The tramadol controversy caused Dallas to this year abandon Iditarod and take off for Norway to run the 750-mile Finnmarksløpet. Dallas has yet to make clear his Iditarod intentions for 2019.

For a race already struggling financially – Jack Daniels just joined the list of sponsors abandoning Iditarod – having one or both Seaveys sit out could have hurt. The 31-year-old Dallas is the hope of the future for a race with an aging fan base.

And Mitch is the dream of the AARP crowd. Since turning 53 in 2013, the elder Seavey has been on a tear. The 2013 victory made him the oldest ever to win the race, and he hasn’t finished worse than third since.

Along the way, he won again in 2017 to push the oldest-to-win bar to 57,  and twice finished runner-up to Dallas.

Contemporaries Jeff King from Denali Park and Martin Buser from Big Lake might have won more Iditarods at four each, but it could be argued that Mitch has now eclipsed them both despite being one victory short.

Only one other musher in Iditarod history has put together a string of top-three finishes to match or better Mitch’s six-in-a-row, and that was the legendary and late Susan Butcher from Manley.  She notched seven before dropping to fourth, then 10th and retiring.

Butcher was then 39 years old. The same for Lance Mackey from Fairbanks when his remarkable string of four victories in a row ended in 2010. Since then, it has been all downhill – 16, 22, 19 and 43.

That Mitch has been so competitive through such a long period, especially at his age is, unprecedented.

Most of the top mushers hit their prime in their 40s and then faded.
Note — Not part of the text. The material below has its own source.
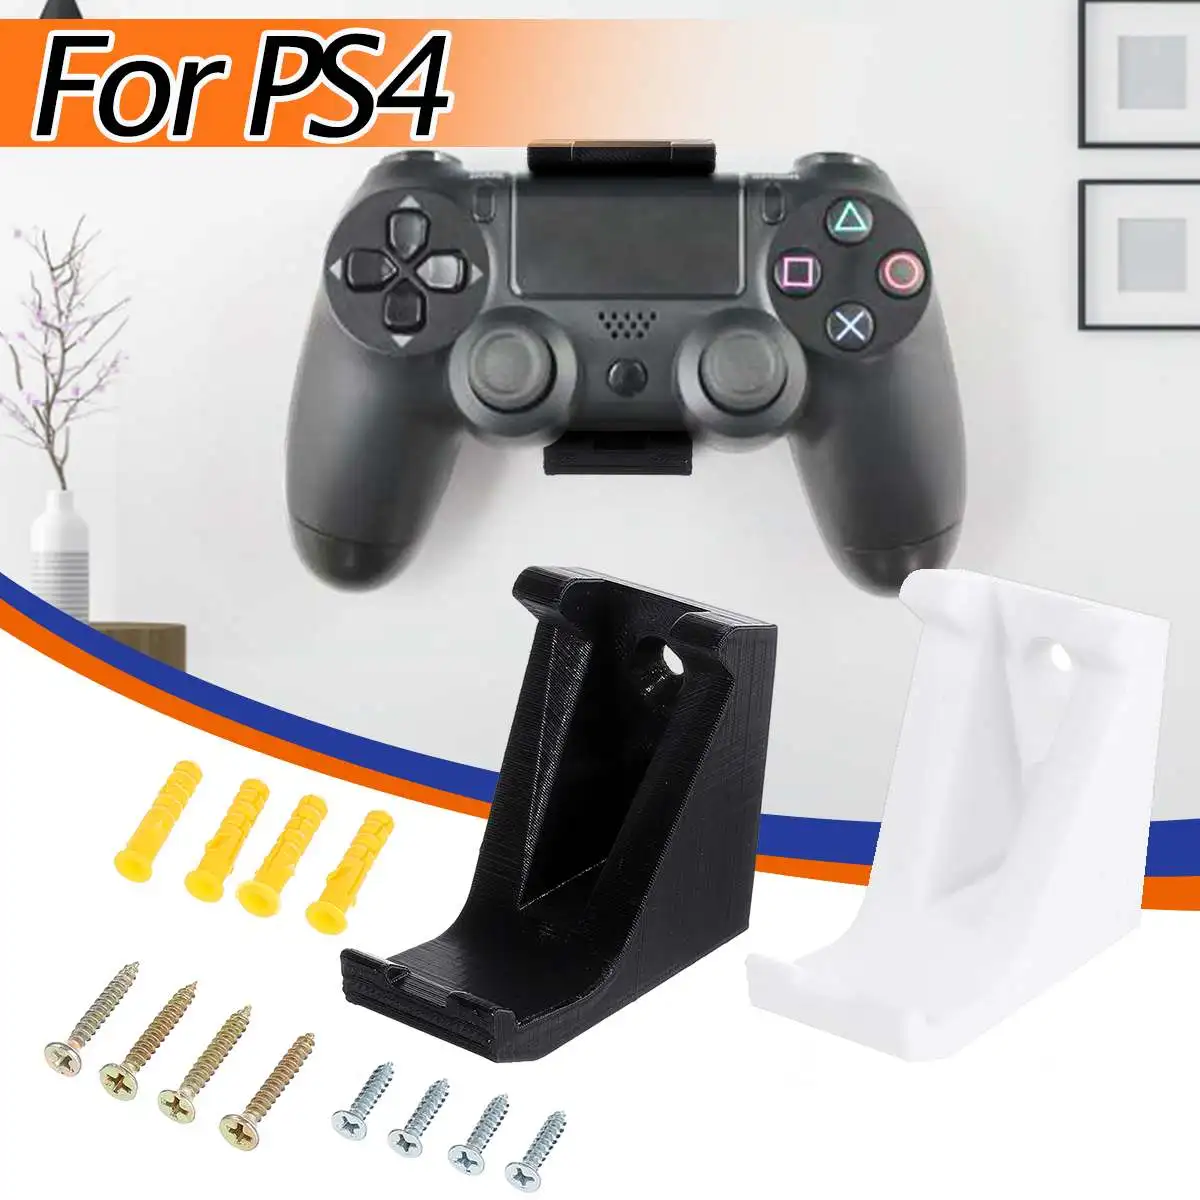 ABS белый/черный настенный держатель для PS4 тонкий для Playstation 4 Pro контроллер игровой коврик док-станция геймпад подставка держатель с винтами
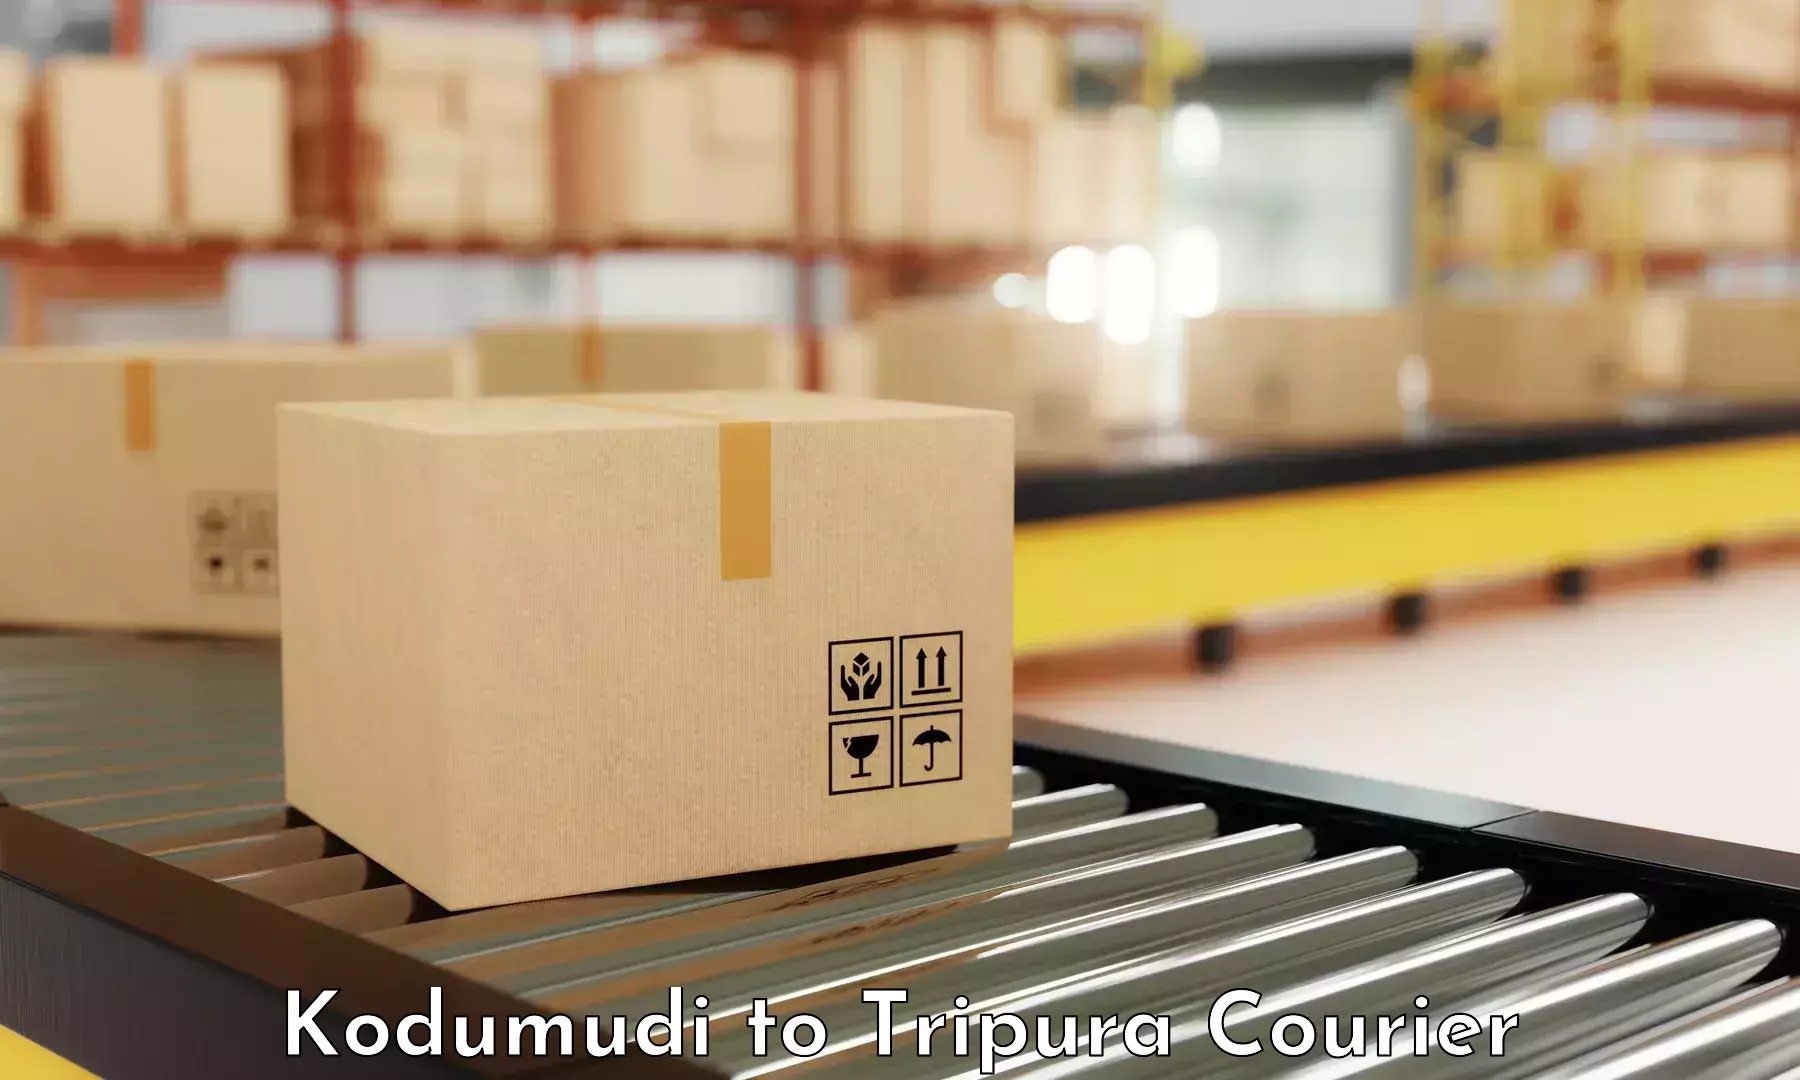 Modern courier technology Kodumudi to Ambassa

King last won in 2006 at age 45; he was 24th this year. Buser last won in 2002 at age 43; he was 28th this year. Four-time champ Doug Swingley from Montana notched his last victory at age 47 and is now long retired.

In general, the Iditarod has not been kind to old men, but Mitch has defied father time.

Though he turns 59 on Monday, no one is discounting the idea that he could win yet again if he enters the 2019 race. And one more victory would put him in the exclusive club of four-time winners with Dallas, Buser, King, Butcher and Swingley.

Rick Swenson from Two Rivers remains the only musher to have won five. He retired without any fanfare in 2012, but continued to serve on the Iditarod board of directors. He is now gone from the board.

CORRECTION: An early version of this story inadvertently omitted Lance Mackey.